I have been monitoring a curious game development – a MoO clone which is “communitized” through a Reddit subreddit.    It’s been under development for a year plus, and I’ve read the various Dev Diary posts put out and waited for the guy (a lone wolf developer, apparently a Java expert) and a couple of weeks ago the developer made the Alpha available.    The word “Alpha” scared me quite a bit but I went ahead and downloaded it.

The Galaxy Screen for ROTP

THIS IS THE GAME !    This is Master of Orion 1, updated graphically but not design wise, and it works FANTASTIC !

All the best design elements are in here and retained.   Research tree is semi randomized, with a few guaranteed selections.    Each planet is managed abstractly, via INDustry ie factories, ECOlogical effects, DEFensive shields and missile bases, TECHnology research, and of course ship building.    You have six design slots for ships, not unlimited, introducing the conundrum of keeping your existing fleet or scrapping some for a new design.   Tech levels and miniaturization are there, so by late game you might be able to squeeze huge old weapons into tiny ships for fun combat possibilities.   Each race is good at something and they all make a big difference to one aspect of the game; although, the production and research advantaged races still tend to be best.

Room for more ship types in my fleet

Now, suppose the developer gives up and never updates this FANTASTIC project again.    You will still have quite a fun game to run through on your PC.   No hooks into Steam, other remote servers, or any of that.   It really is 1993 all over again in the best sense of the word, along with 2020 in terms of graphics and supported hardware/middleware.    The only thing I had a lot of trouble with was setting a shortcut to the game; I couldn’t seem to get one to link to a JAR file stored in a local folder.   I eventually settled on having a desktop link, the only one I’ll permit on my machine.
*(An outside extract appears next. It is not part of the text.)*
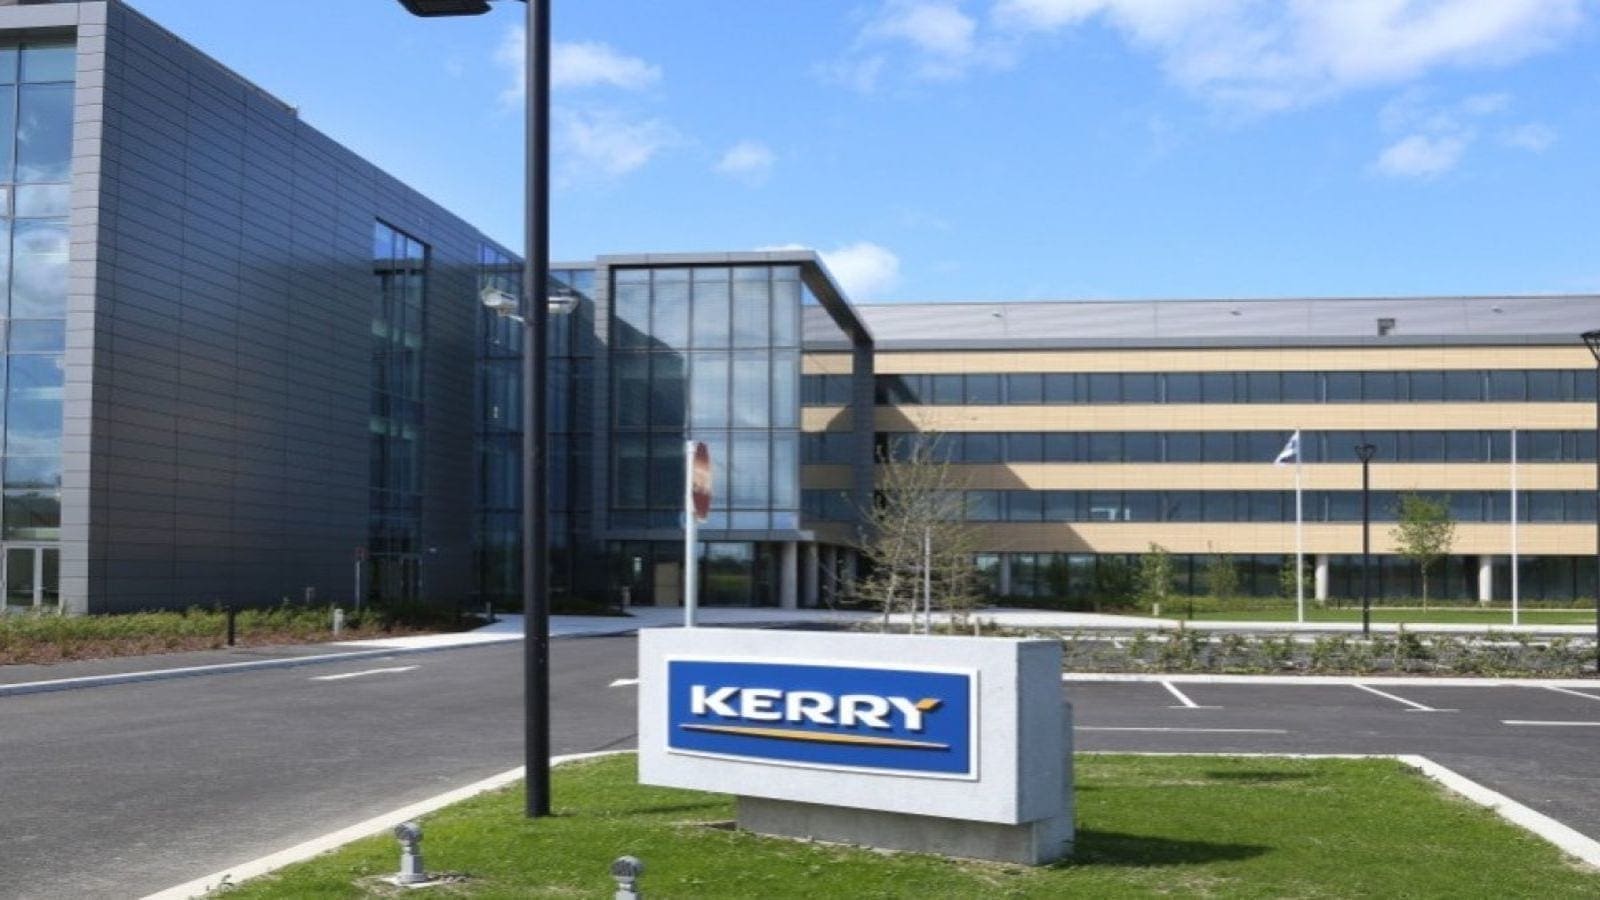 <strong>Taste & nutrition expert Kerry offloads sweet ingredients portfolio to IRCA for US$538M</strong>

Things I wish I had bothered to read/remember before starting the game :

  1. Manual Page 35 –
    To win in Master of Orion, the High Council must declare you to be
    High Master of the Galaxy by a 2/3rds majority vote. The High Council
    is formed once more than half the galaxy has been colonized, and each
    race has 1 vote for ever 100 units of population it controls. You can
    win by conquering 2/3rds of the population yourself. However, more
    diplomatic players can also win by having enough allies to provide the
    2/3rds majority vote needed.
    
    
  2. Because of the victory conditions, ie settle 50% of the map, the late game becomes a real slog if you set it up like I usually like to – large maps with few other empires.   Do you think it’s impossible to become bored with a game like this ?   I did.    Then I played War Worlds, and I found myself bored.   The same thing can happen here, but this is also curable with development effort.    AI optimization is not finished but it’s on the developer’s roadmap.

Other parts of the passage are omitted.